Many lay Catholics taking part in the Vatican’s survey will have struggled with the questions concerning natural law and sex and relationships. Here, a theologian explains Aquinas’ thinking and dismisses some myths in the process.
- The Tablet
In the Vatican’s questionnaire, ample reference is made to natural law, an idea commonly associated specifically, if not exclusively, with Catholic moral theology. But natural law is one of the oldest and, until relatively recently, most influential ideas in moral and political thought.
However much disagreement there might be about specifics, we seem unable to dispense with the notion that some things are natural or appropriate to human life. And nowhere is this more so than in the context of family relations, sexuality and medical practice.

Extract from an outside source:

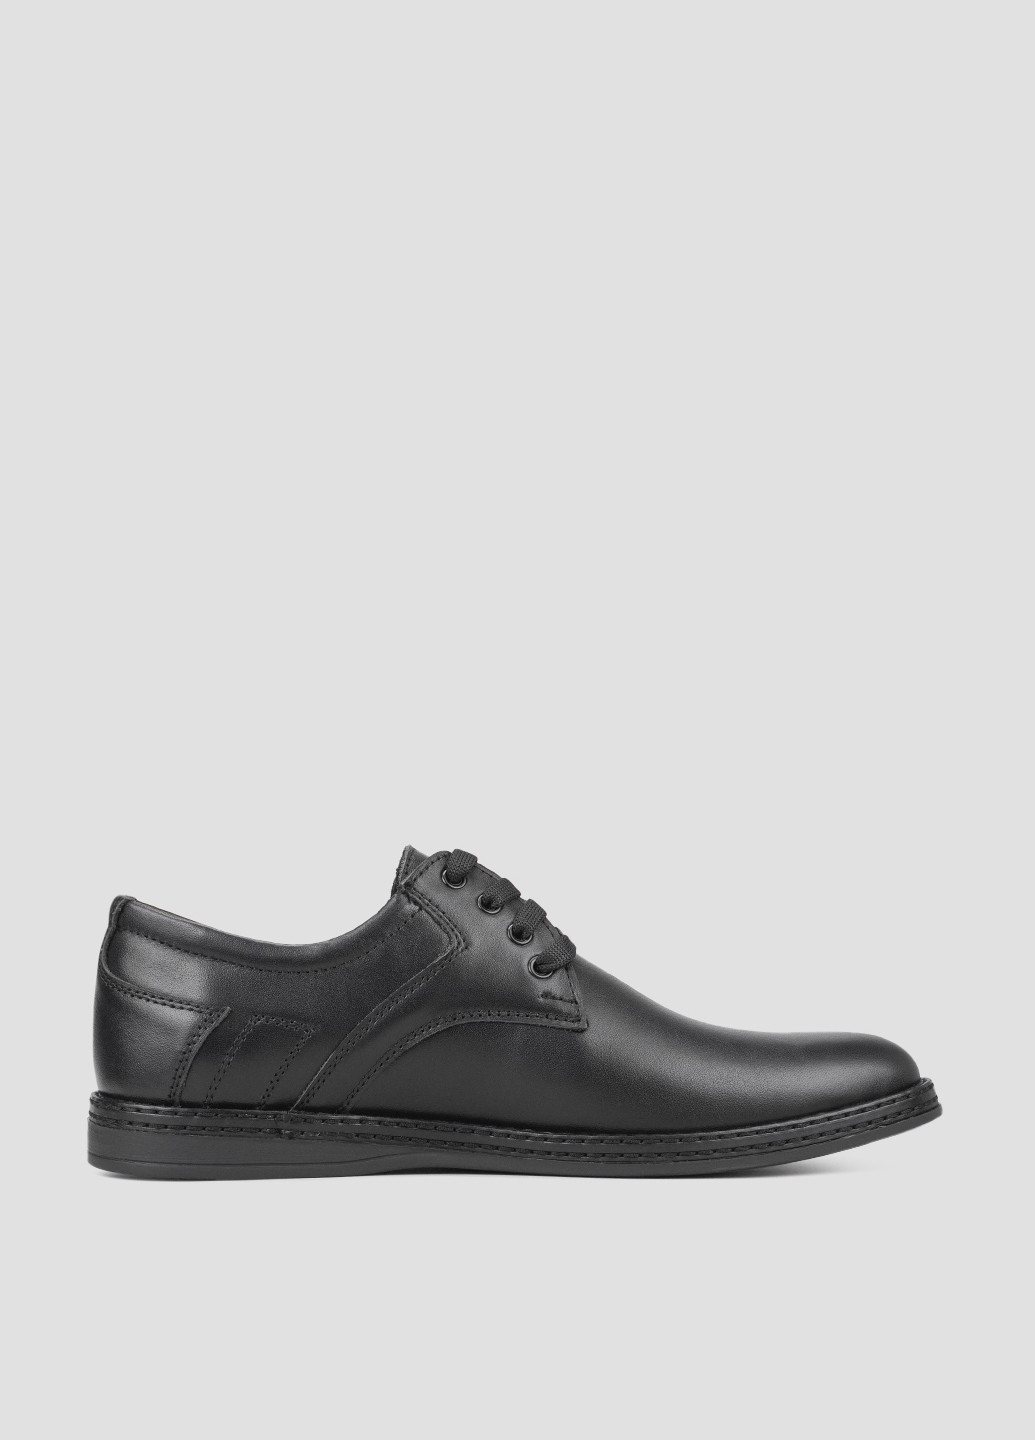 Черные классические туфли Brexton без шнурков

Again, only relatively recently, dating from the early modern period, has the idea of natural law come under suspicion, especially among theologians. But the first stirrings of that suspicion were felt in the late thirteenth and early fourteenth centuries when voluntarist thinkers such as the Franciscans, John Duns Scotus (1266-1308) and William of Ockham (1285-1349), downplayed our ability to grasp the truth about reality with our minds, on the basis that the order of things was established by the sovereignly free and therefore arbitrary will of God, thus putting it beyond our understanding, and calling instead for acceptance and obedience.
According to these thinkers, moral principles were decreed by God such that, if God were to decree that adultery is acceptable, so be it. Something is good or bad, on this view, simply because of God’s fiat.
Later, in the early modern period among secular political thinkers such as Hugo Grotius (1583-1645), an entirely secular, non-theological concept of natural law emerged, enshrining for the first time human and political rights but also leading to a quasi-mathematical calculus for demonstrating moral principles. This extreme rationalism led to absurdity and a wholly justified discrediting of natural law theory, as it had come to be formulated.
The medieval notion of natural law could not have been more different. It was firmly embedded in an explicitly theological context, in which the concept of nature itself was theological. Natural law provided an indispensable framework within which it was possible to judge and evaluate changes in the understanding of marriage, economics and much else associated with the rapid expansion of the new cities in medieval Europe. Natural law as understood by such thinkers as St Thomas Aquinas is still relevant for contemporary thought.